Ce plaisir faux ami qu’on entend comme celui du gourmet l’est en fait pour le comédien qui aura brillé dans son interprétation d’un bourgeois gentilhomme ou d’un cocu des boulevards, peu importe, et que le public ovationnera longuement.
Manger des côtelettes (on devrait d’ailleurs dire déguster) c’est l’opposé de faire un four, même si celui-ci est nécessaire pour les faire rôtir :on parle ici du triomphe, pas du rappel poli. De ce tonnerre d’applaudissements, de ces hourras qui fusent, de ces donzelles qui se pâment, de ces fleurs qui font le grand saut des balcons aux planches, de ses filles nues qui se jettent sur moi qui m’admirent qui me tuent qui s’arrachent ma vertu, rien de moins. Autant dire qu’on est dans le nec plus ultra.

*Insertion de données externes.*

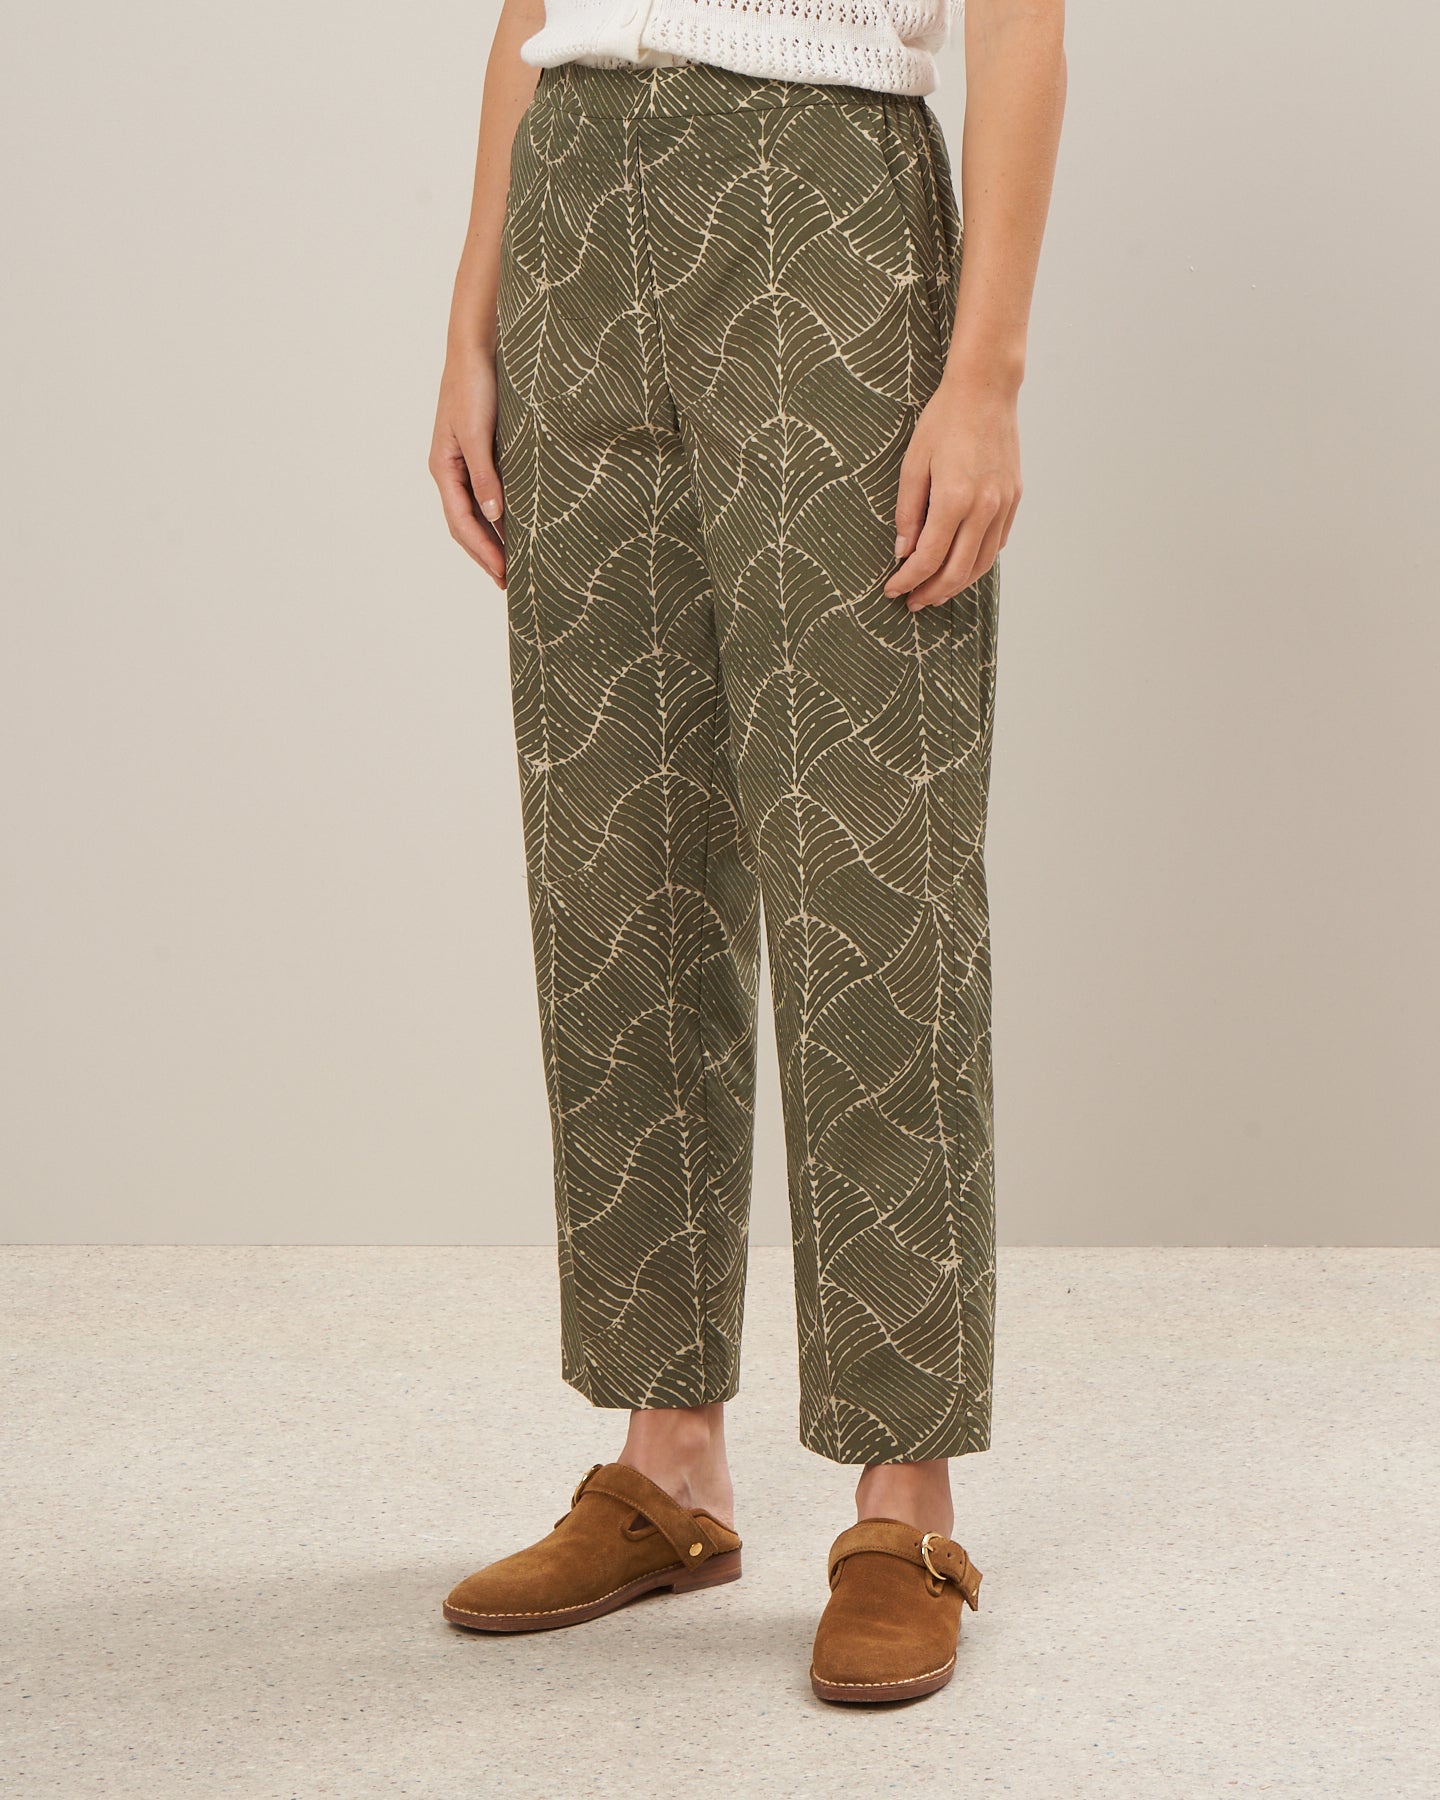 Pantalon Femme en coton imprimé feuilles Beige Pili BBPG623-01

Les gazettes se feront l’écho du festin dès le lendemain, portant aux nues celui qui aura justement déclamé, celle qui aura atteint le contre-ut à propos. Quand on mange des côtelettes on reprend volontiers un peu de rab servi par Le Petit Journal, Comœdia, Le Matin ou Le Petit Parisien (le baladin est cabotin).
Le fumet de la bonne chère accompagnera longtemps le loué. Avoir triomphé dans Le Mariage de Figaro ou dans Tailleur pour dames ça vous pose son homme pour un bail.
Sans radiner sur les applaudissements quand le vaudeville lui sied, le moderne oubliera pour autant l’expression. Manger des côtelettes ne fait plus partie de son vocabulaire, pas même pour un aparté juste audible, un quiproquo à propos ou un chassé-croisé parfaitement synchronisé.
Désormais il lève ou abaisse le pouce, distribue des étoiles ou note sur 5. Et les gazettes ont disparu.